A recent study from Israel shows the Pfizer/BioNTech COVID-19 vaccine is not as effective against the South African SARS-CoV-2 strain compared with the coronavirus strain first identified in the UK. The study was an analysis of blood samples from 10 patients who had recovered from COVID-19. Researchers collected samples at 21 days after the first vaccine dose and nine to 11 days following the second vaccine dose. The study found the vaccine generated high antibody levels against the UK variant but only moderate neutralization was observed against the variant from South Africa. In contrast, another study reported earlier this month showed the Pfizer/BioNTech vaccine was 94 percent effective against asymptomatic COVID-19 infections.
Preliminary results from Sinovac Biotech’s phase 1 and 2 clinical trials show its COVID-19 vaccine CoronaVac was safe and generated immune responses in children and adolescents.
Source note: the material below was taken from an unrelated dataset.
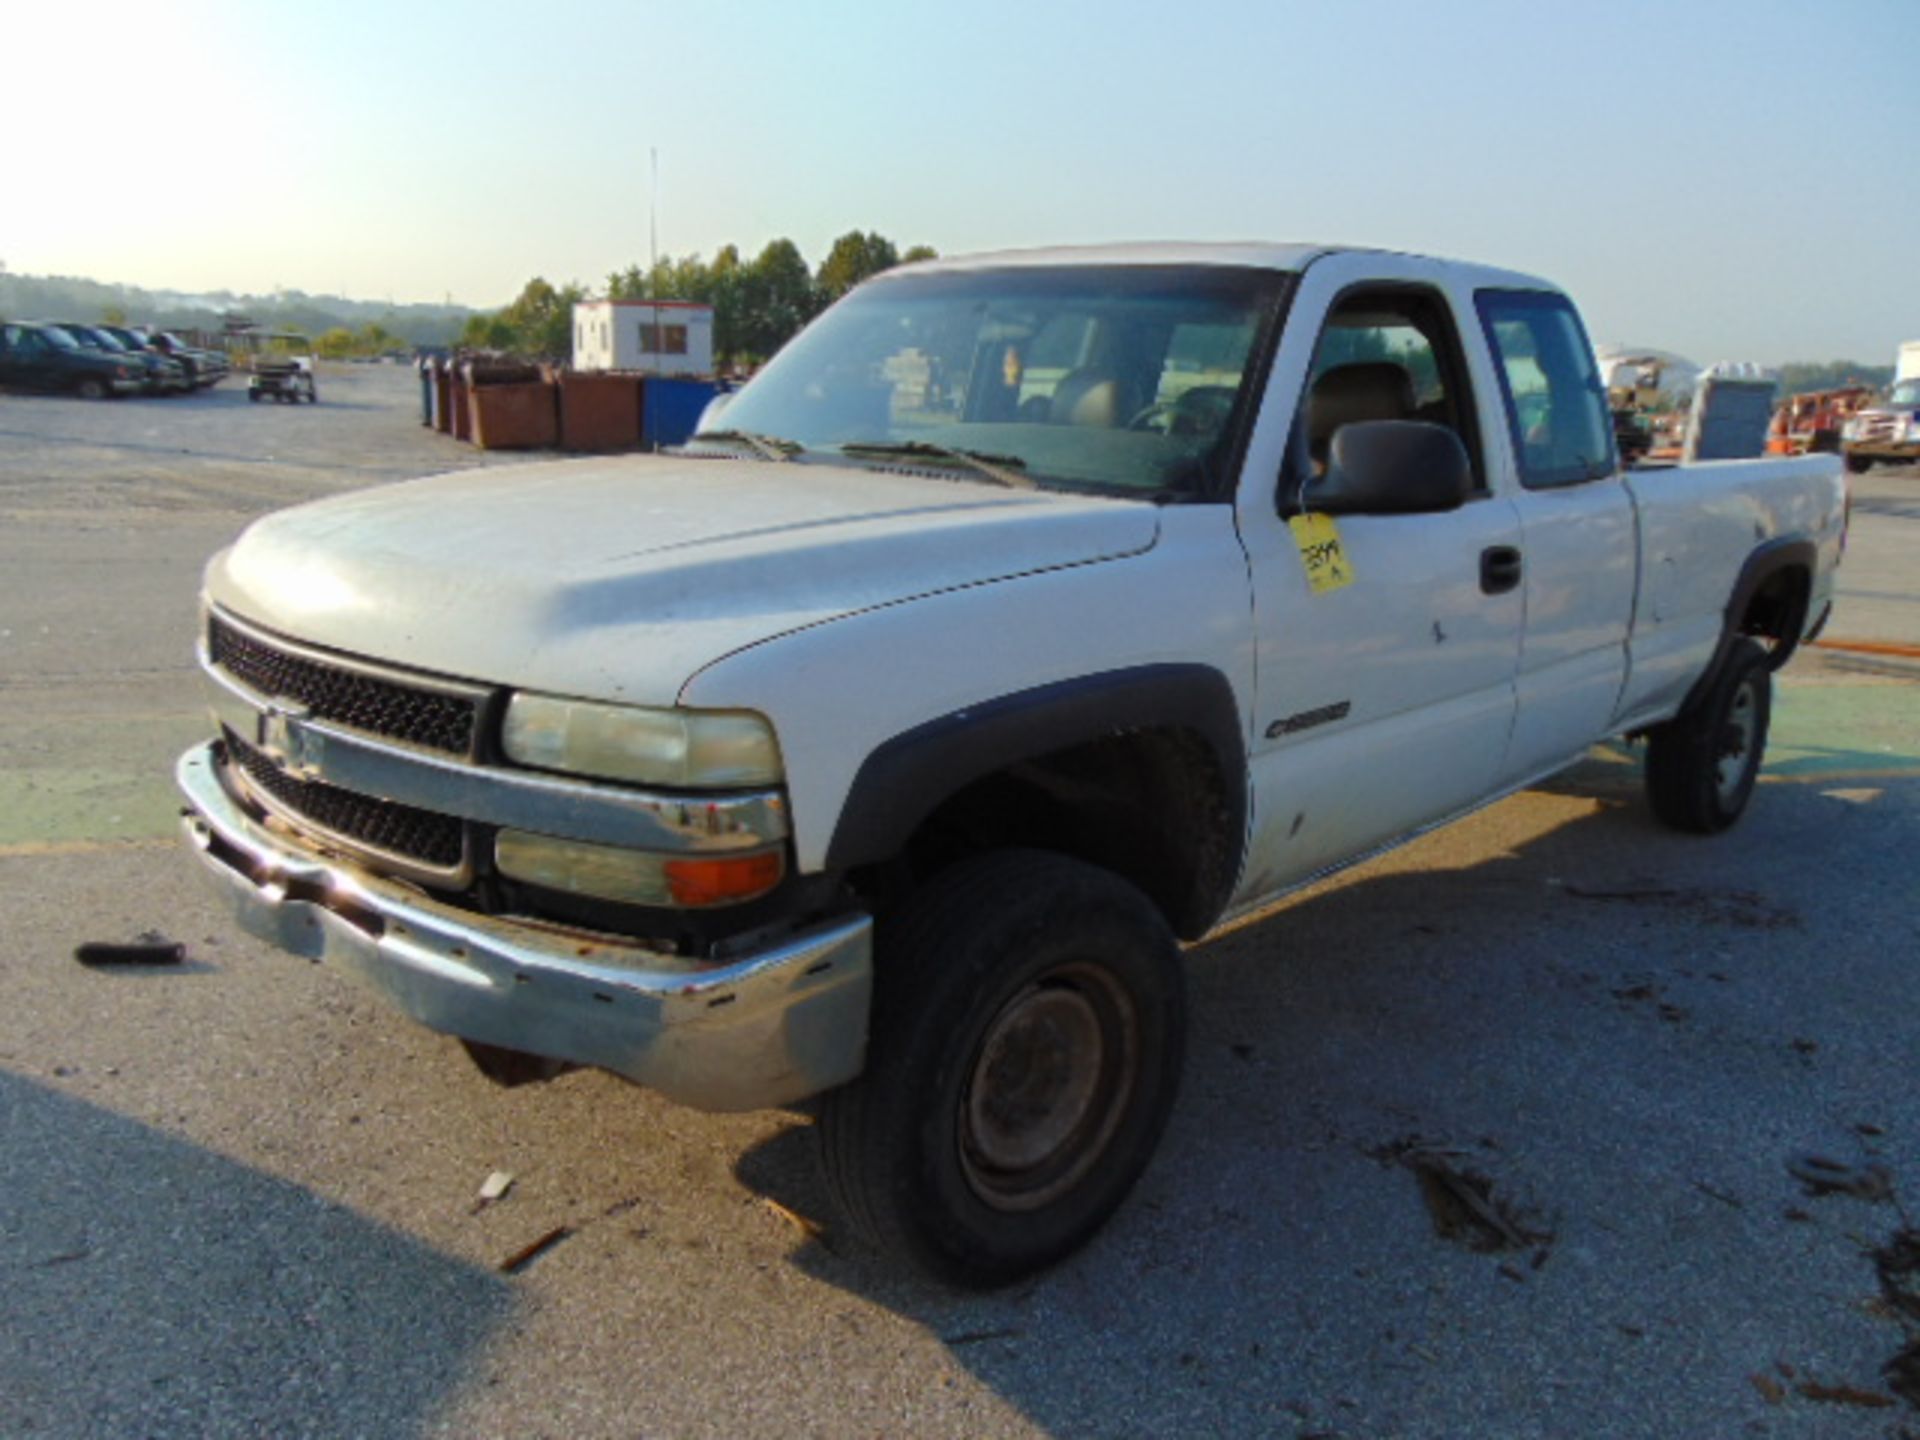 PICKUP TRUCK, CHEVROLET, SILVERADO 2500 H.D., (YARD USE ONLY, NOT TITLE) - Image 6 of 6

These preliminary data were from studies that included more than 500 patients between three and 17 years of age who received two shots of either the vaccine or a placebo. In terms of safety, most adverse reactions observed in the patients were mild in severity. Two children who received a low vaccine dose had high fever following inoculation. Antibodies generated after vaccination with CoronaVac were higher than previously observed in adults and elderly patients. A lower vaccine dose worked better in children between the ages of three and 11 years, and a median dose worked best for those between age 12 and 17.
The first patients have been dosed in Clover Biopharmaceuticals’ and Dynavax Technologies’ global phase 2/3 trial of Clover’s protein-based S-Trimer COVID-19 vaccine candidate adjuvanted with Dynavax’s CpG 1018 plus alum. The randomized controlled trial will evaluate the safety, efficacy and immunogenicity of the two-dose vaccine. More than 22,000 adults and elderly participants will be enrolled at sites across Latin America, Asia, Africa and Europe. Clover will conduct an interim analysis to determine if the vaccine offers favorable effects in this study population. Current enrollment rates and COVID-19 cases in the study suggest an interim analysis of the primary endpoint should occur sometime in the middle of this year.